I ran a nice, slow 4 miles after the race and felt pretty good about moving at a slower pace, but it's nice to know that I can still run quick like a bunny if needed.

Austina & I wearing our medals proudly
(photo courtesy of David Jordan)

*For those caring, concerned individuals out there - don't worry I have my doctor's support. They know I'm a runner and know better than to tell me to stop :) Seriously though, I am cleared to run and would not do it without their approval*    

Saturday, October 5, 2013

friends that run together, stay together

Today was my last long run, 12 miles, before the Cincinnati 1/2 on October 19th. 
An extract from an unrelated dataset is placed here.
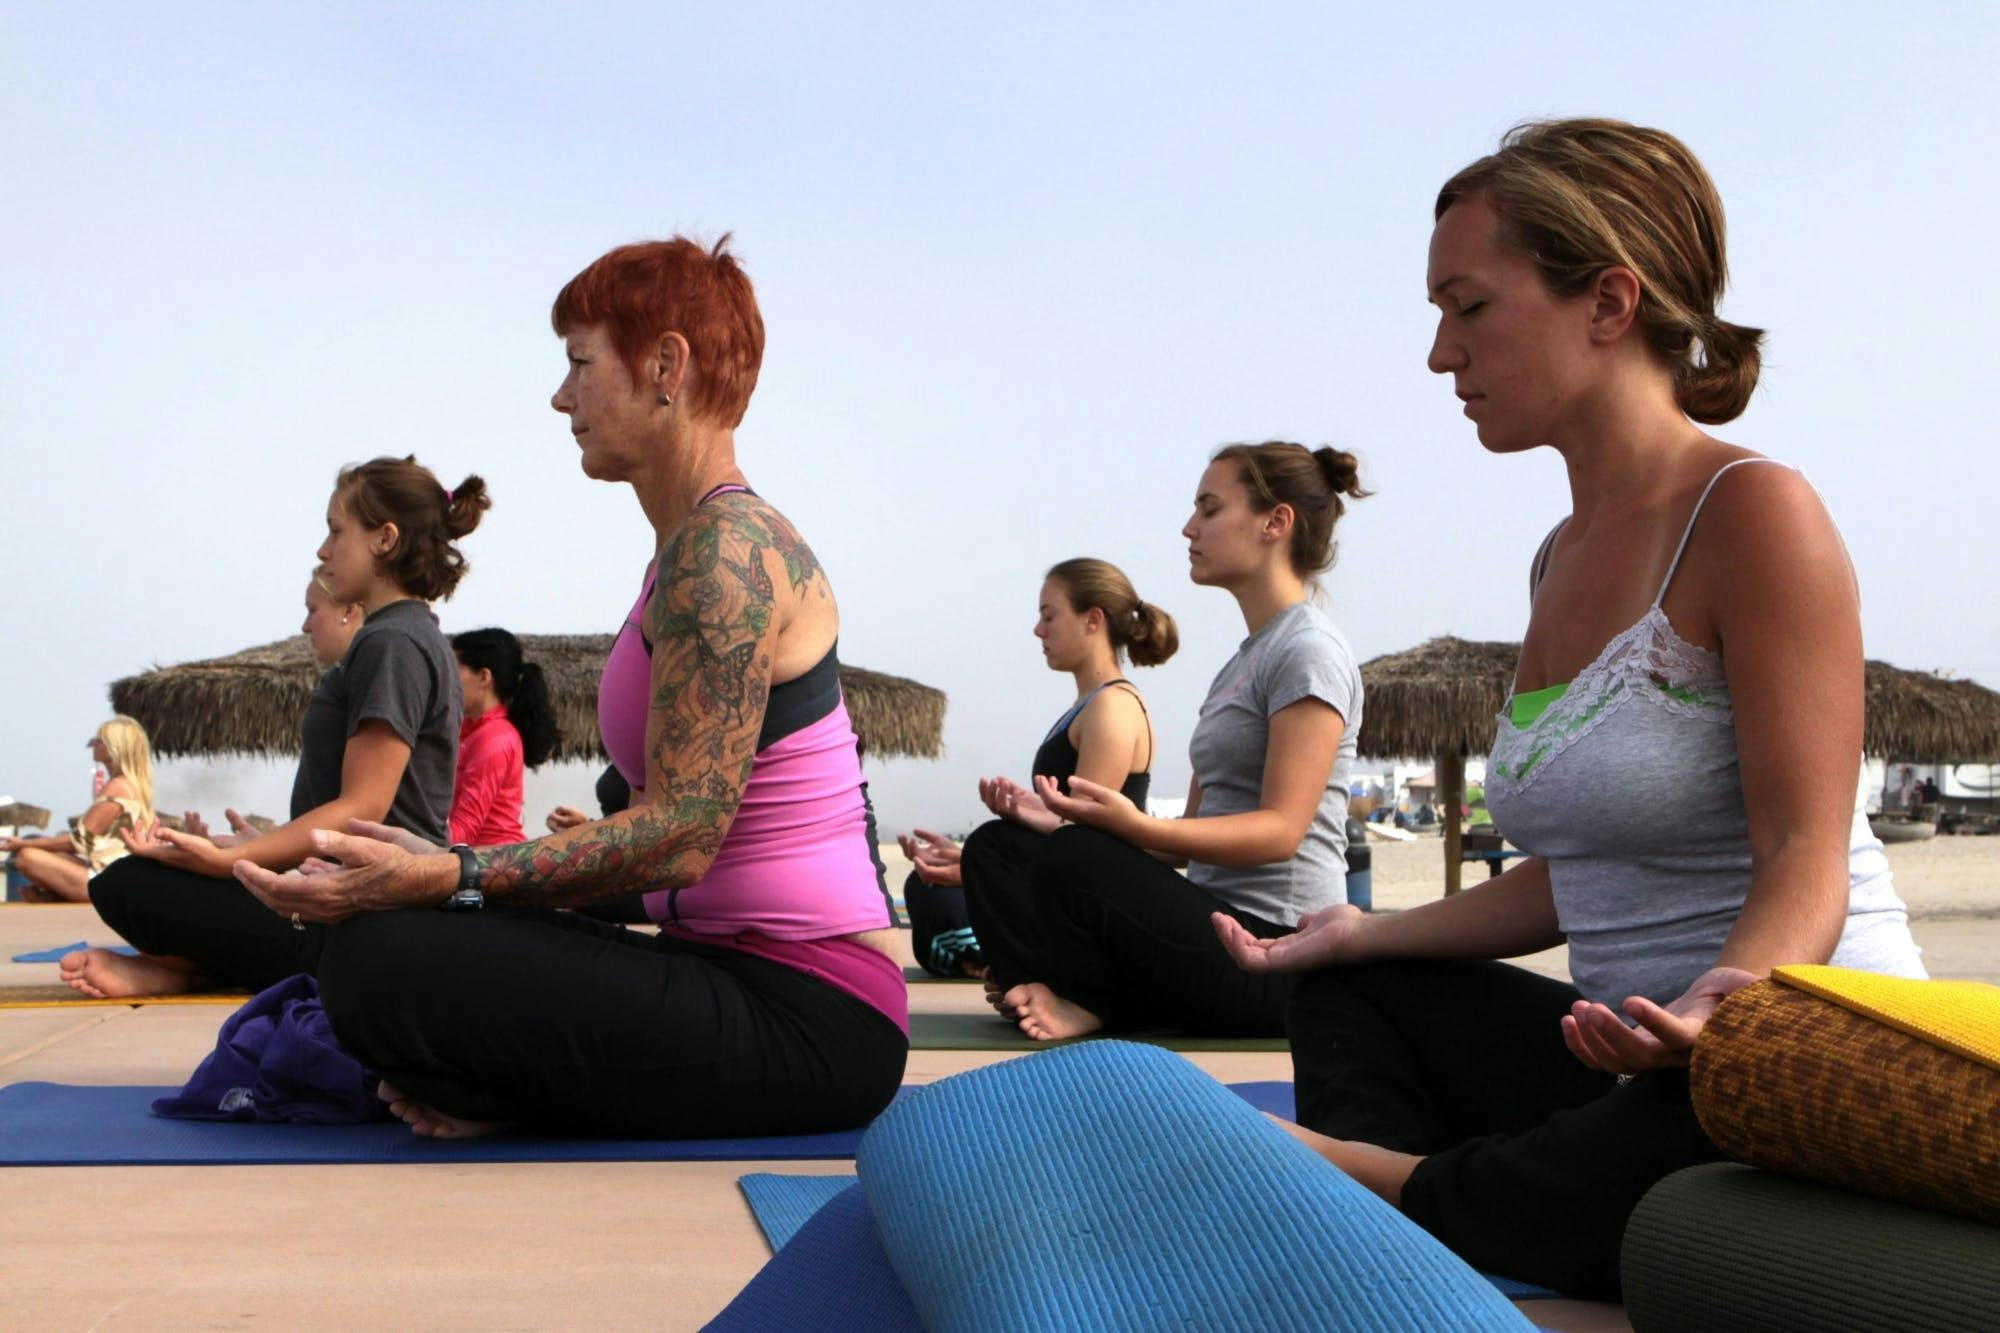 Lezione di yoga in piccoli gruppi in riva al mare a Ortigia

My husband was racing in a local 5k, so I had to get myself out of bed nice and early to get my miles in before he had to leave.

"Why hello 4:48am, aren't you dark and a little scary"?

I've been re-reading Harry Potter and at one point, while looking over a misty field, I was half convinced I could see a werewolf bounding towards me. My fastest miles were probably the ones where I was the most scared.   

This was the first solo long run I've done in awhile. The miles take a little longer to tick by and there's a lot more inner dialogue that can make your mind go all funky (cue misty field/werewolf thoughts). Overall, however, it was a good run and comforting to know that despite the step backs, I am and will be capable of finishing the race. 

I get to run this race with two incredible ladies: my best friend and my college roommate. Distance keeps us apart but running is bringing us back together. I expect there will be lots of laughter and even some tears. Totally worth the 18 hr round trip in one weekend.

https://www.facebook.com/photo.php?fbid=537672929627722&set=pb.364664696928547.-2207520000.1380988930.&type=3&theater
thankfully they get it.

Have you been able to share your love of running with your close friends? Have you been able to race with friends?